Quick clarification time: What is a listings site (i.e. will this post be useful for you)?

The classic listings site is Craigslist, but plenty of other sites act like listing sites:

  • Job sites like Monster
  • E-commerce sites like Amazon
  • Matching sites like Spareroom

1. Generating quality landing pages

The landing pages on listings sites are incredibly important. These pages are usually the primary drivers of converting traffic, and they’re usually generated automatically (or are occasionally custom category pages) .

For example, if I search “Jobs in Manchester“, you can see nearly every result is an automatically generated landing page or category page.

There are three common ways to generate these pages (occasionally a combination of more than one is used):

  • Faceted pages: These are generated by facets—groups of preset filters that let you filter the current search results. They usually sit on the left-hand side of the page.
  • Category pages: These pages are listings which have already had a filter applied and can’t be changed. They’re usually custom pages.
  • Free-text search pages: These pages are generated by a free-text search box.

Those definitions are still bit general; let’s clear them up with some examples:

Amazon uses a combination of categories and facets. If you click on browse by department you can see all the category pages. Then on each category page you can see a faceted search. Amazon is so large that it needs both.

Indeed generates its landing pages through free text search, for example if we search for “IT jobs in manchester” it will generate: IT jobs in manchester.

teflSearch generates landing pages using just facets. The jobs in China landing page is simply a facet of the main search page.

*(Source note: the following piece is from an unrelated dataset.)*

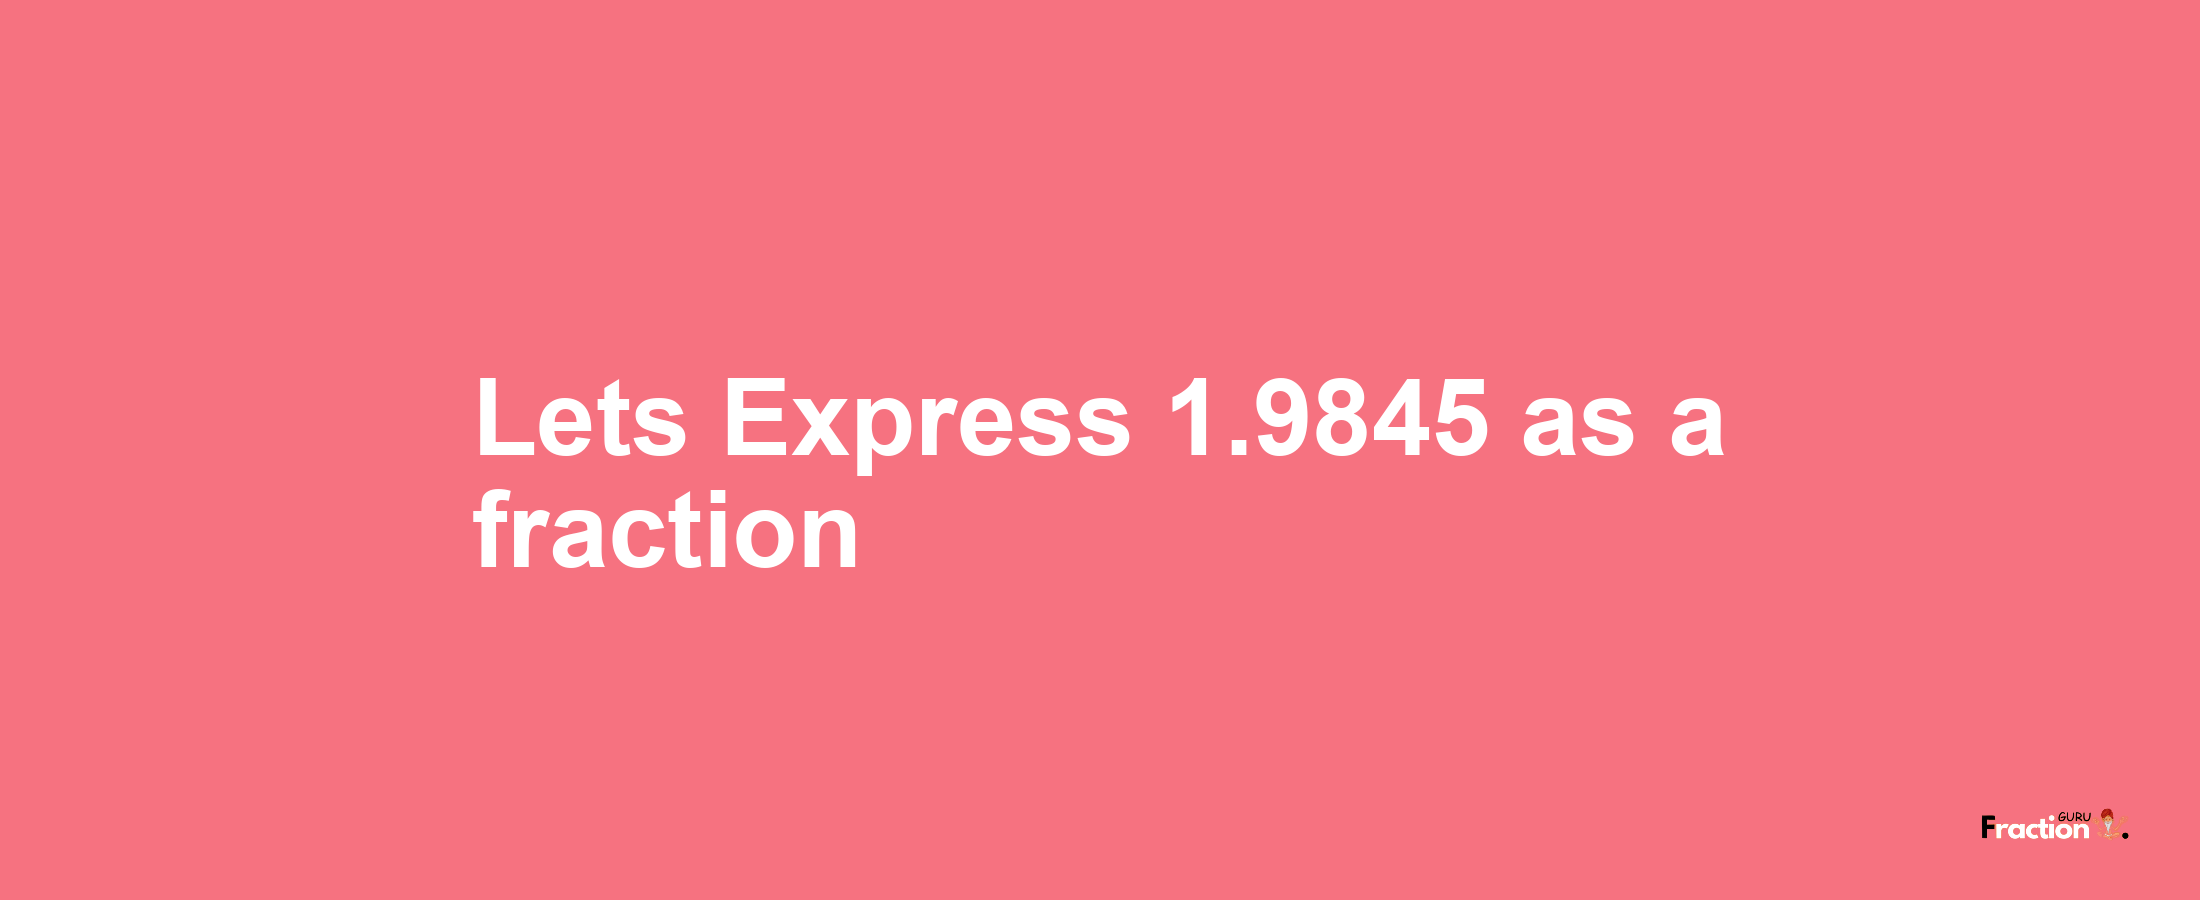 Lets Express 1.9845 as afraction

Each method has its own search problems when used for generating landing pages, so lets tackle them one by one.


Facets and free text search will typically generate pages with parameters e.g. a search for “dogs” would produce:


But to make the URL user friendly sites will often alter the URLs to display them as folders


These are still just ordinary free text search and facets, the URLs are just user friendly. (They’re a lot easier to work with in robots.txt too!)

Free search (& category) problems

If you’ve decided the base of your search will be a free text search, then we’ll have two major goals:

  • Goal 1: Helping search engines find your landing pages
  • Goal 2: Giving them link equity.


Search engines won’t use search boxes and so the solution to both problems is to provide links to the valuable landing pages so search engines can find them.

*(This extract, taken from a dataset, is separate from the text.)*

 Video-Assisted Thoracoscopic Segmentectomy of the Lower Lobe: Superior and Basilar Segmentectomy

There are plenty of ways to do this, but two of the most common are:

  • Category links alongside a search

    Photobucket uses a free text search to generate pages, but if we look at example search for photos of dogs, we can see the categories which define the landing pages along the right-hand side. (This is also an example of URL friendly searches!)

  • Putting the main landing pages in a top-level menu

    Indeed also uses free text to generate landing pages, and they have a browse jobs section which contains the URL structure to allow search engines to find all the valuable landing pages.

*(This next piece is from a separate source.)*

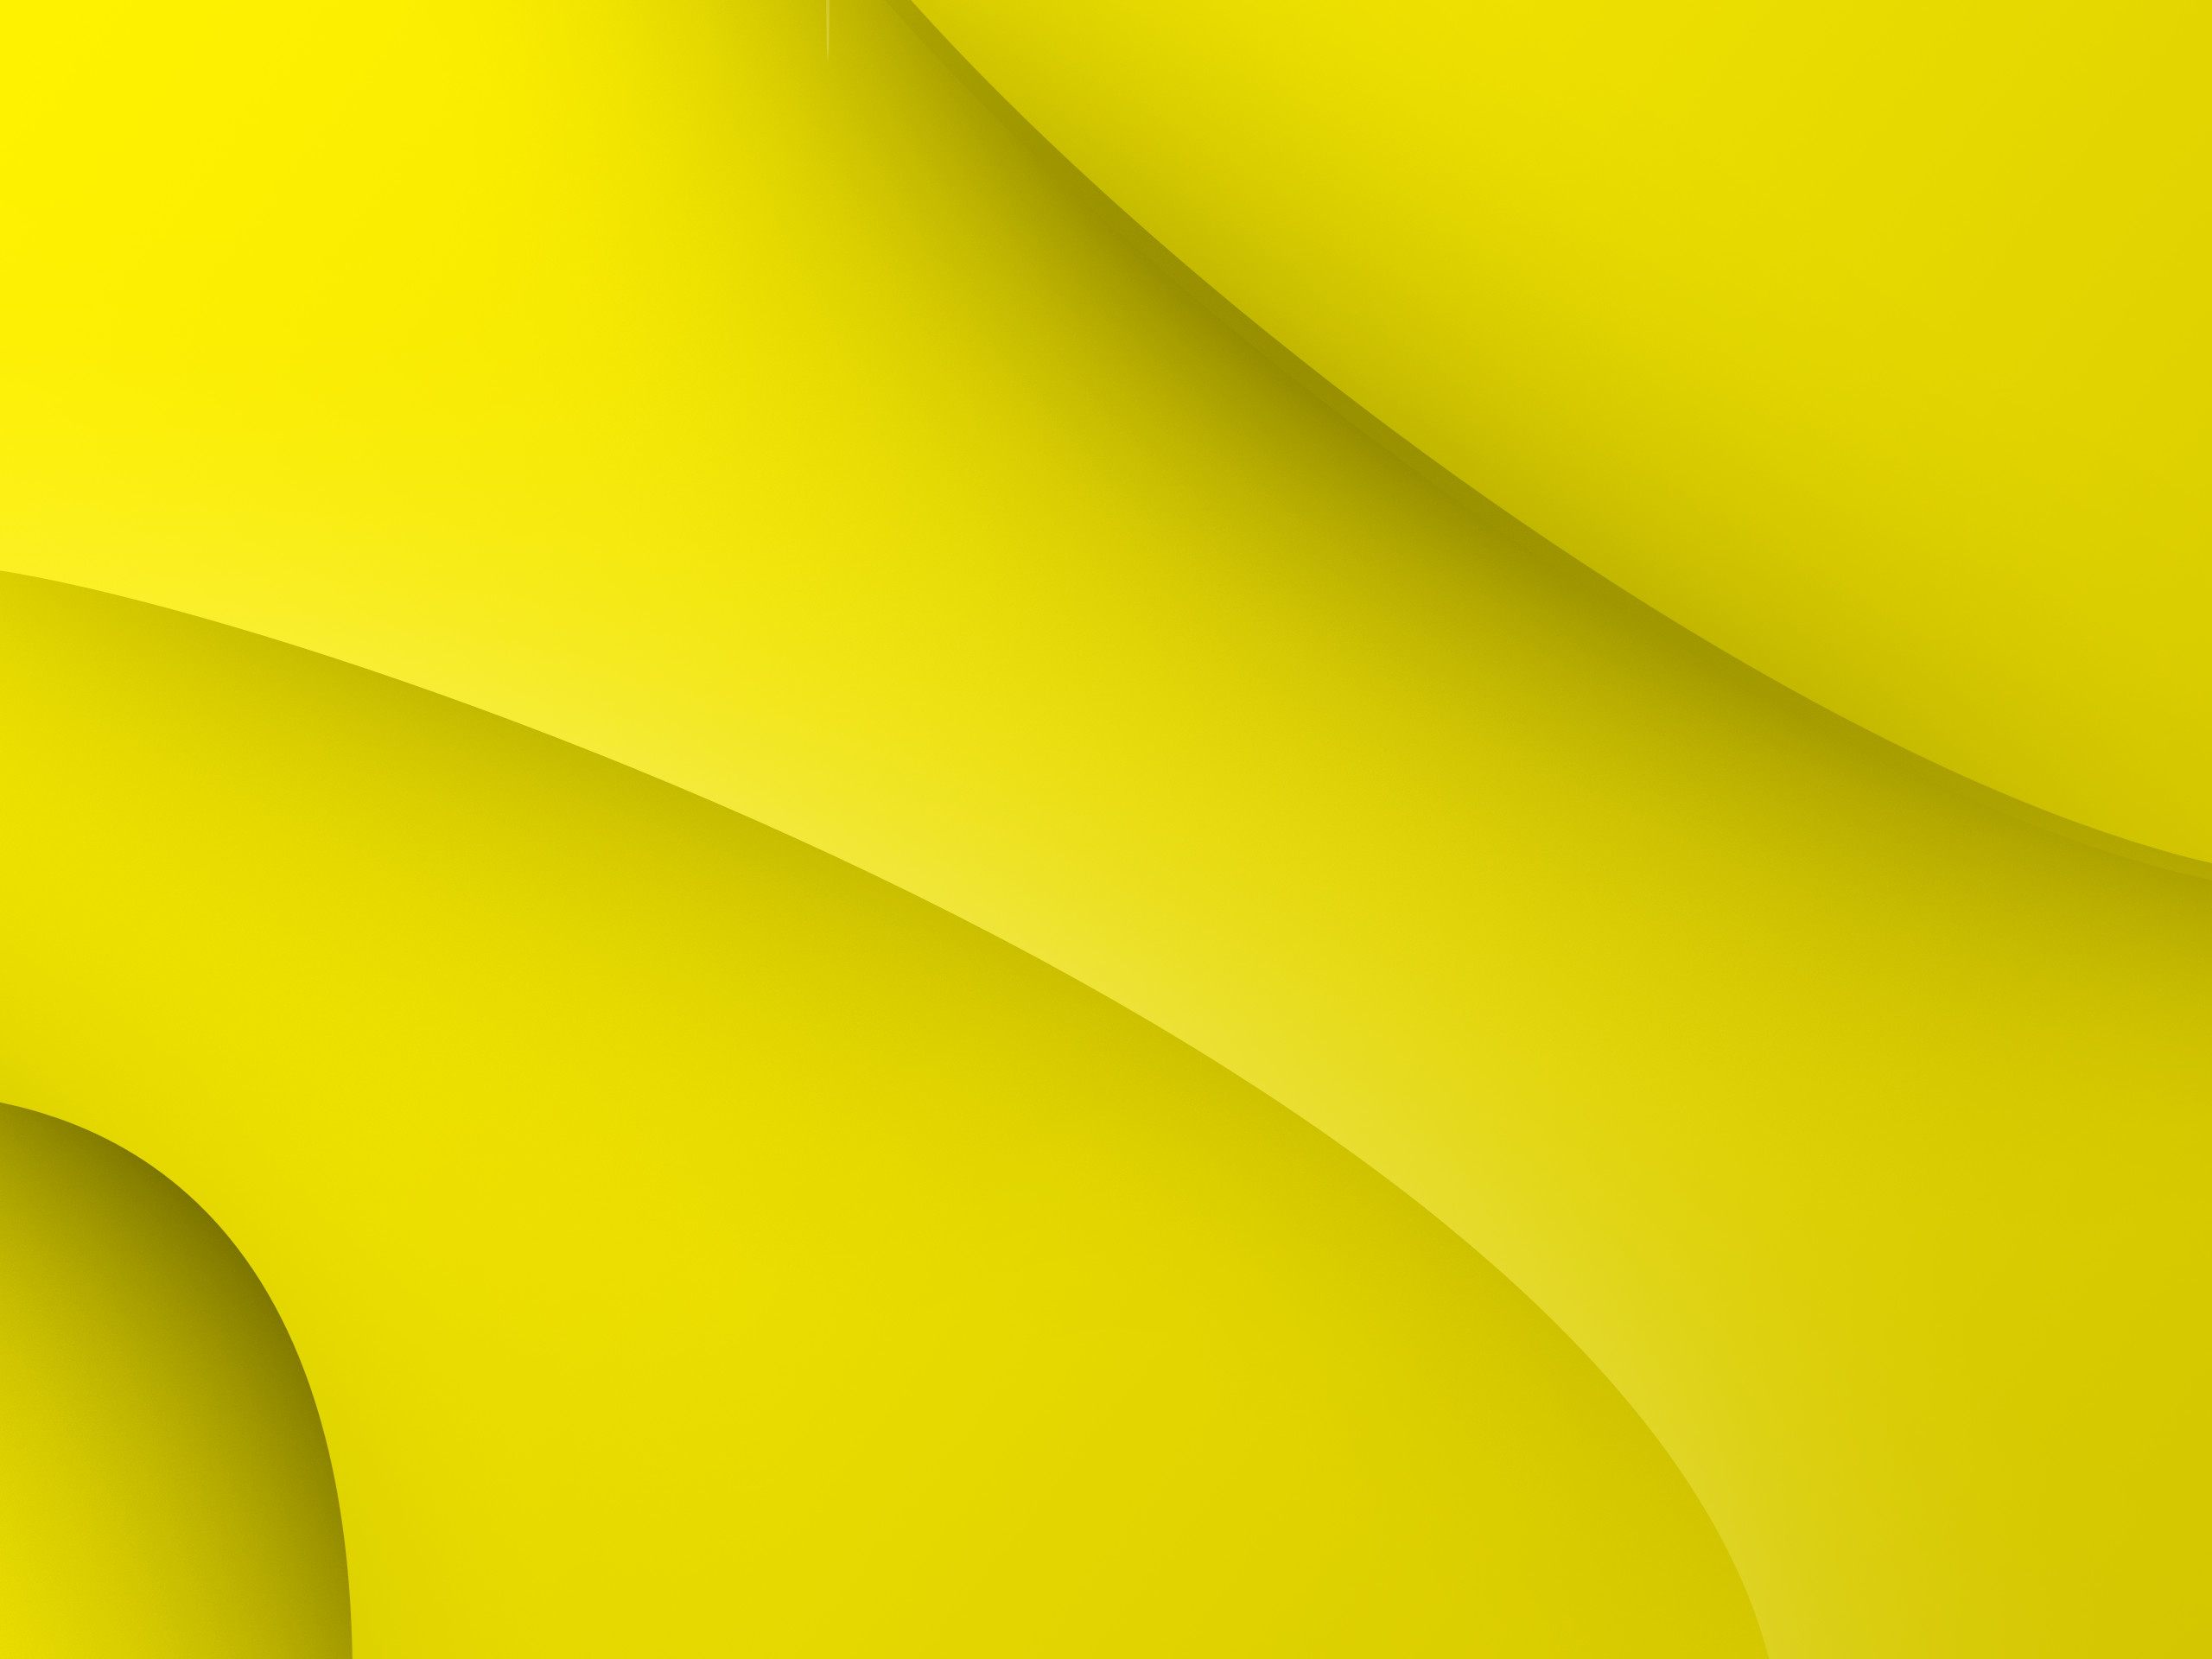 2560x1920, Solid Yellow Wallpaper Images Data Id - Yellow Line Football  Background - 2560x1920 Wallpaper

Breadcrumbs are also often used in addition to the two above and in both the examples above, you’ll find breadcrumbs that reinforce that hierarchy.

Category (& facet) problems

Categories, because they tend to be custom pages, don’t actually have many search disadvantages. Instead it’s the other attributes that make them more or less desirable. You can create them for the purposes you want and so you typically won’t have too many problems.

However, if you also use a faceted search in each category (like Amazon) to generate additional landing pages, then you’ll run into all the problems described in the next section.

At first facets seem great, an easy way to generate multiple strong relevant landing pages without doing much at all. The problems appear because people don’t put limits on facets.

Lets take the job page on teflSearch. We can see it has 18 facets each with many options. Some of these options will generate useful landing pages:

The China facet in countries will generate “Jobs in China” that’s a useful landing page.

On the other hand, the “Conditional Bonus” facet will generate “Jobs with a conditional bonus,” and that’s not so great.

We can also see that the options within a single facet aren’t always useful. As of writing, I have a single job available in Serbia. That’s not a useful search result, and the poor user engagement combined with the tiny amount of content will be a strong signal to Google that it’s thin content. Depending on the scale of your site it’s very easy to generate a mass of poor-quality landing pages.

Facets generate other problems too. The primary one being they can create a huge amount of duplicate content and pages for search engines to get lost in. This is caused by two things: The first is the sheer number of possibilities they generate, and the second is because selecting facets in different orders creates identical pages with different URLs.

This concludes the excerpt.